Верт обожал играть в «апорт», а прибой всегда приносил к берегу множество палок, веток, щепок, с которыми можно было отлично порезвиться. Взяв в руки брусок, Берегиня кончиками пальцев ощутила его вибрацию: з-з-з-з-з-з… Она переложила его в другую руку. Дерево продолжало вибрировать: з-з-з-з-з… Она внимательно рассмотрела его.
– Хорошая деревяшка, – сказала Синь.
Берегиня снова взглянула на брусок и почему-то поднесла его к уху. Дерево гудело: хм-м-м-м-м-м-м… У Берегини захватило дыхание.
– Сирена… – прошептала она.
Синь строго посмотрела на неё.
– Берегиня! – сказала она. – Это просто кусок дерева.
Берегиня отлично знала, что Синь не любительница морских историй. Её больше интересовали земные дела. Разумные доводы Синь не могли убедить Берегиню. Она принесла деревяшку месье Бошану и сказала:
– Это сирена.
Сирена была первым мерлингом, который вырезал для Берегини месье Бошан. А потом появились ещё шесть:
Седна, богиня арктических морей;
Нингё, родом из Японского моря;
Меерфрау, у которой всегда влажный фартук;
Лорелея, та, что влюблялась в сбившихся с пути мореплавателей;
Русалка, коварная обманщица;
И наконец, Йемайя, великая матерь, владычица морей.
Итого семь, вместе с поющей сиреной.
«Дары-подарки», – любил повторять месье Бошан. Берегине они нравились. Она была рада, что они попались ей на пляже, что она смогла разглядеть их в куске дерева и что месье Бошан вызволил их из деревянного плена с помощью своего ножа. Она была чрезвычайно довольна тем, что все они разные и что она – единственная девочка на свете, у которой есть целое племя мерлингов.
Она подолгу играла с ними.

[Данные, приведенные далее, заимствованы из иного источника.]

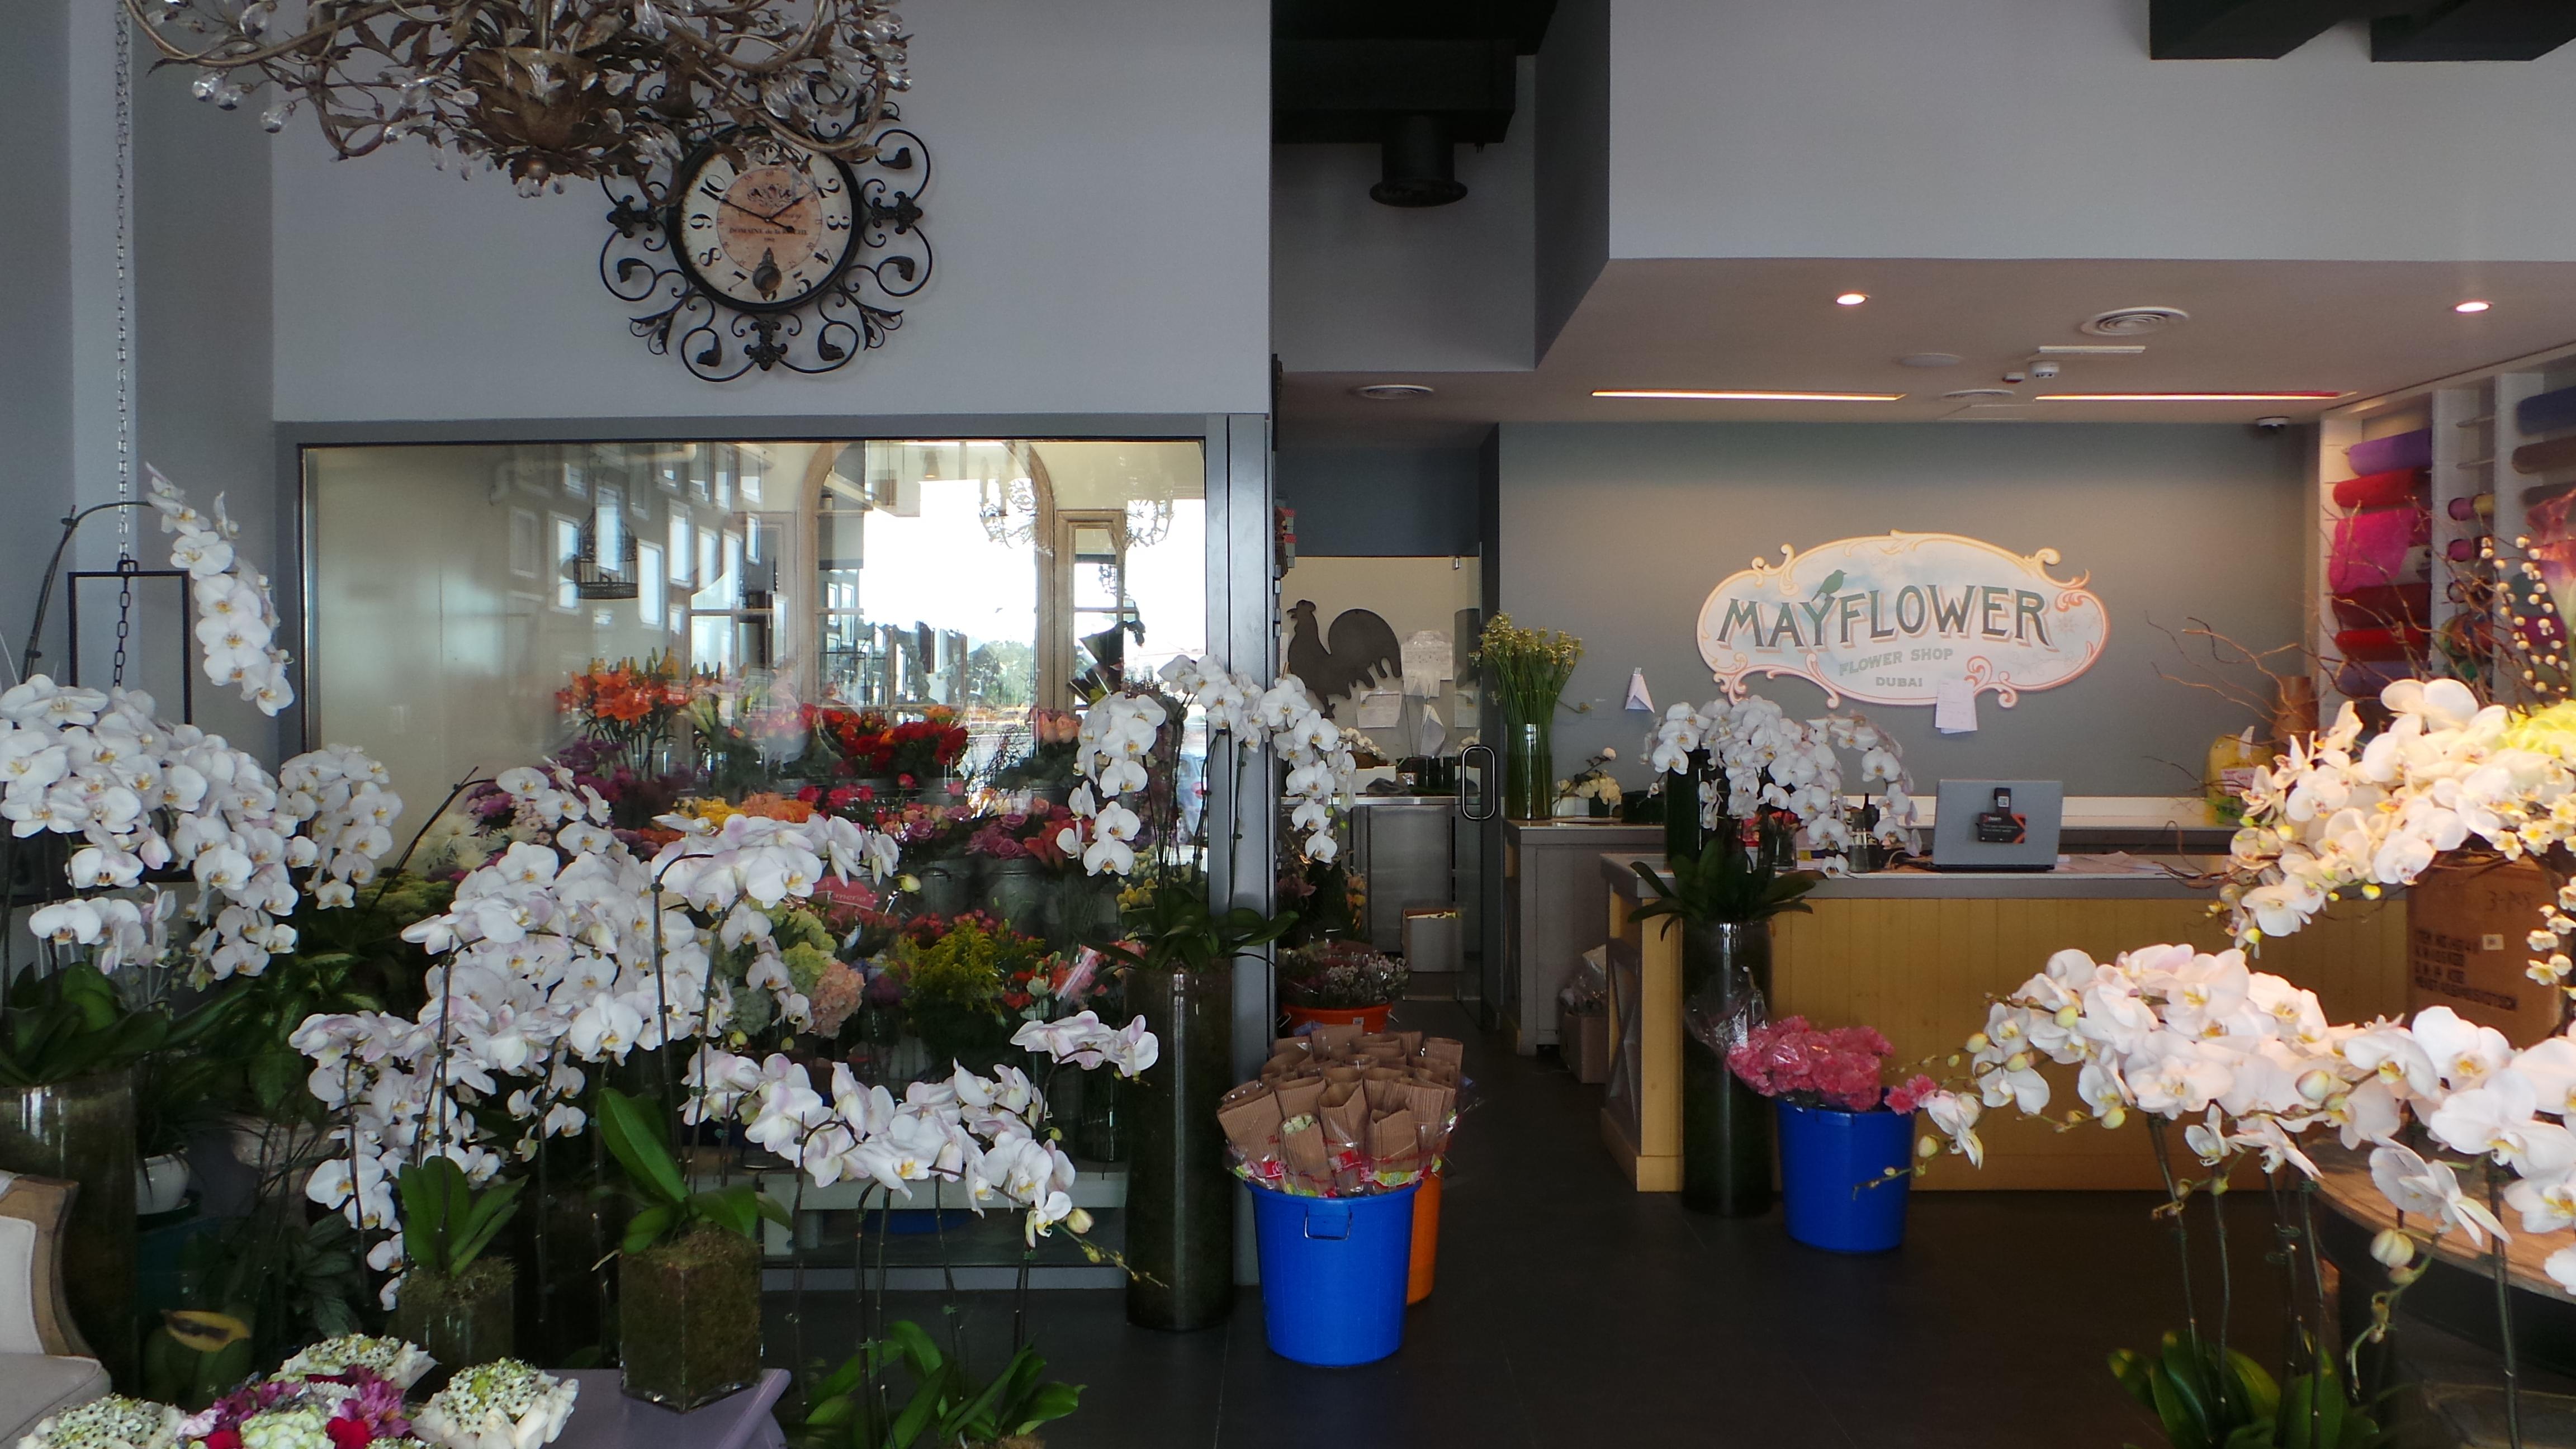 Mayflower flower shop the scoop dxb mayflower flower shop izmirmasajfo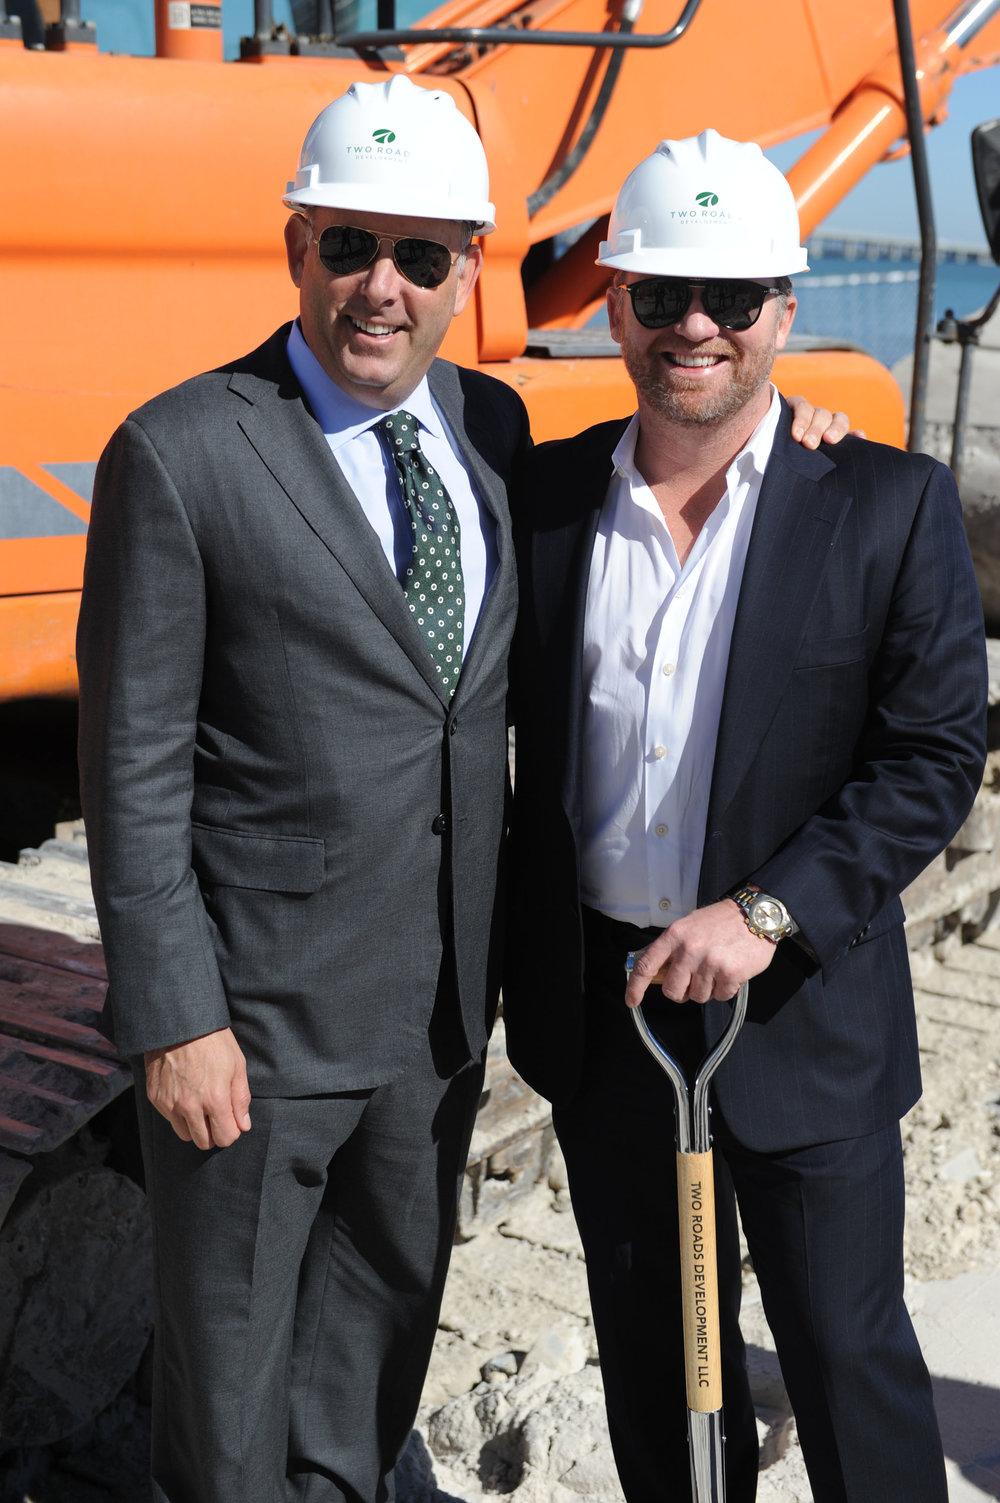 Reid Boren & Taylor Collins of Two Roads Development

Строила им города из песка, в которых были подземелья, замки, а в них – коридоры, спальни и обеденные залы, где они могли угощаться крошечными мидиями, слепленными из песка. Вечером, принимая душ, она расставляла фигурки на краю ванны, а садясь обедать, ставила вокруг своей тарелки. Куда бы она ни шла, она брала их с собой. Она клала их в карманы, или в рюкзак, или в старую обувную коробку.
И вот сейчас мерлинги были вместе с ней в «Стрелке», дары-подарки месье Бошана, которые теперь (если её план сработает) станут дарами ещё кое для кого.
Если всё сработает.
«Для пущей верности», – сказала бы Синь.
Семь фигурок – для пущей верности.
Да, у неё был хороший план. И вдобавок у неё были семь мерлингов, семь подарков для Йемайи – владычицы морей. Йемайя – самая главная среди морского народа. И хотя каждый из богов неповторим, только у Йемайи есть особая сила.
Она не прекрасна, как лорелея, у неё нет чарующего голоса, как у сирены, но месье Бошан объяснил Берегине, что, если принести ей дар, она исполнит любое желание.
Талисман, Йемайя, семь богов – всё, что нужно для везения. И даже больше, чем нужно.
Но ведь у неё ещё был план. Прекрасный план, записанный на бумаге, засунутый в карман джинсов и выученный наизусть.
«Оле-о-ле-о!!» –
это восклицание она переняла у сёрфингистов. Оно ужасно ей нравилось.Верт снова лизнул её в лицо мокрым горячим языком.
24
Но именно сейчас прекрасный план забуксовал из-за луны – приходилось ждать, пока наконец прилив наберёт полную силу. Иначе шлюпка никуда не поплывёт.
Берегиня не могла усидеть спокойно. От нетерпения она стала делать зарядку: ноги вверх-вниз, вверх-вниз, вверх-вниз. Прилив начался, вода прибывала, но Берегине казалось, что очень уж медленно. Она знала, что нужно дождаться, когда прилив достигнет полной высоты. Если отправиться раньше, то шлюпку утащит в другую сторону – к заросшим солёным болотам.
Верт тоненько заскулил:
«Вернё-ё-ё-ё-ё-ёмся! Скоре-е-е-е-ей!»
Он очень хотел обратно – под кровать в комнате Берегини, туда, где уютно, тепло и темно.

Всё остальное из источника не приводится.